Small businesses’ profit margins may be increasing, according to data obtained from financial analysis software company Sageworks, but this isn’t exactly good news.
The company’s latest figures show that while profit margins increased by 5.13% over this time last year, sales are down by 6.46%. This means, according to Drew White, chief financial officer of Sageworks, that a small business’s success is being driven by expense containment, not revenue.
“Small businesses have to work very hard to make a profit,” White says. “They have to carefully manage expenses if they want to stay in business.”

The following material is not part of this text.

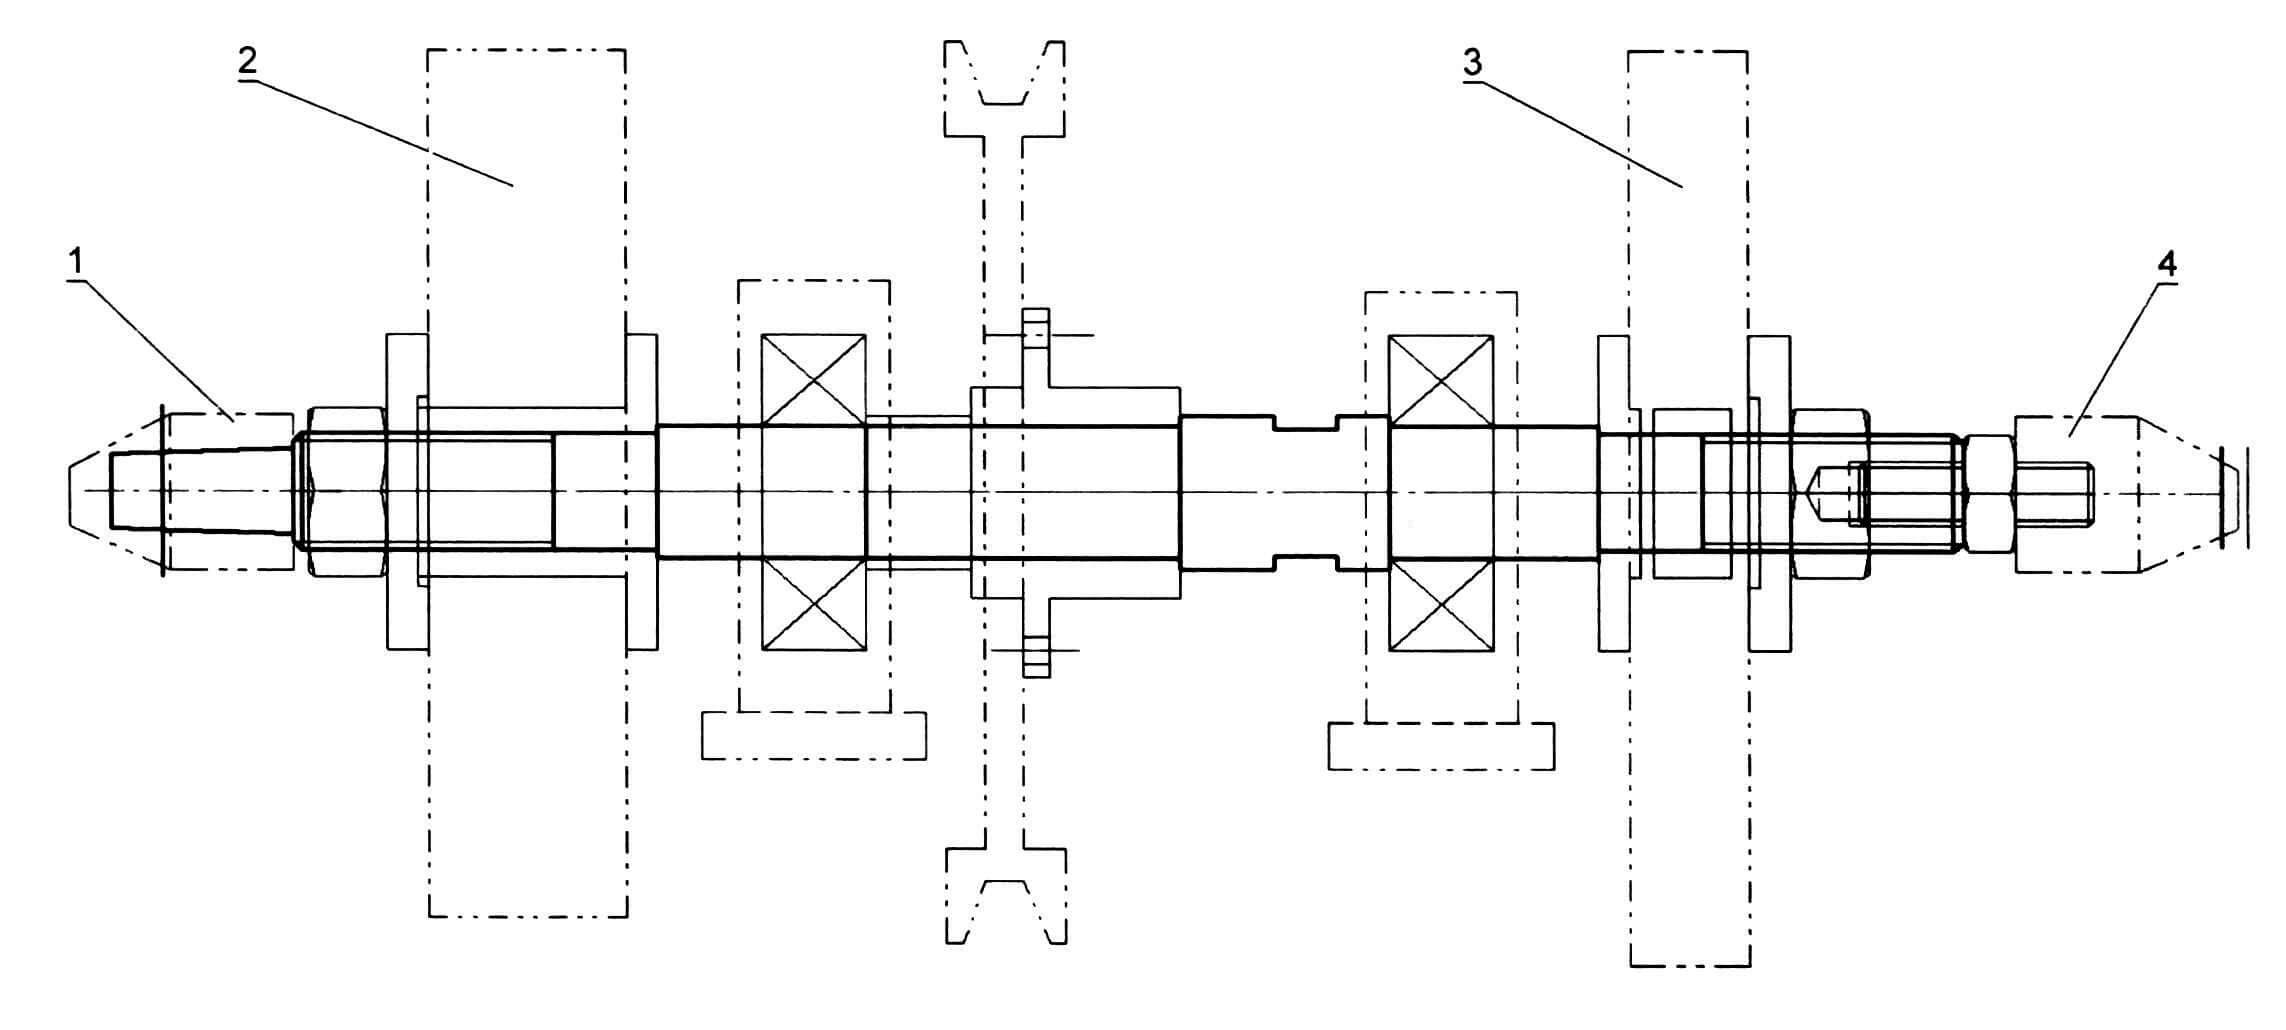 Вал с рабочими инструментами: 1 - левый патрон под полировальный на резиновом основании; 2 - войлочный диск; 3 - фанерный диск с наждачной бумагой; 4 - правый патрон под лепестковый диск

Sageworks aggregates small business industry data from the CPAs and accountants in its subscriber base. The accountants, in turn, use the benchmarking data to compare their own clients to industry peers. Financial data from more than 233,000 companies was used to compile the latest figures.
According to White, businesses saved the most by cutting payroll, spending 13.87% of their profits on staffing as opposed to the 14.15% they spent in 2009, and the 16.73% that was spent in 2008.
“Essentially, these businesses are running short-staffed to get by,” White says.
Payroll isn’t the only place where businesses are penny-pinching. A separate study conducted by Office Depot (Stock Quote: ODP) shows that 38% of the businesses surveyed have compensated for the economic downturn by limiting business travel. Those cutting advertising/marketing expenditures comprised 29%, while 22% are outsourcing fewer jobs.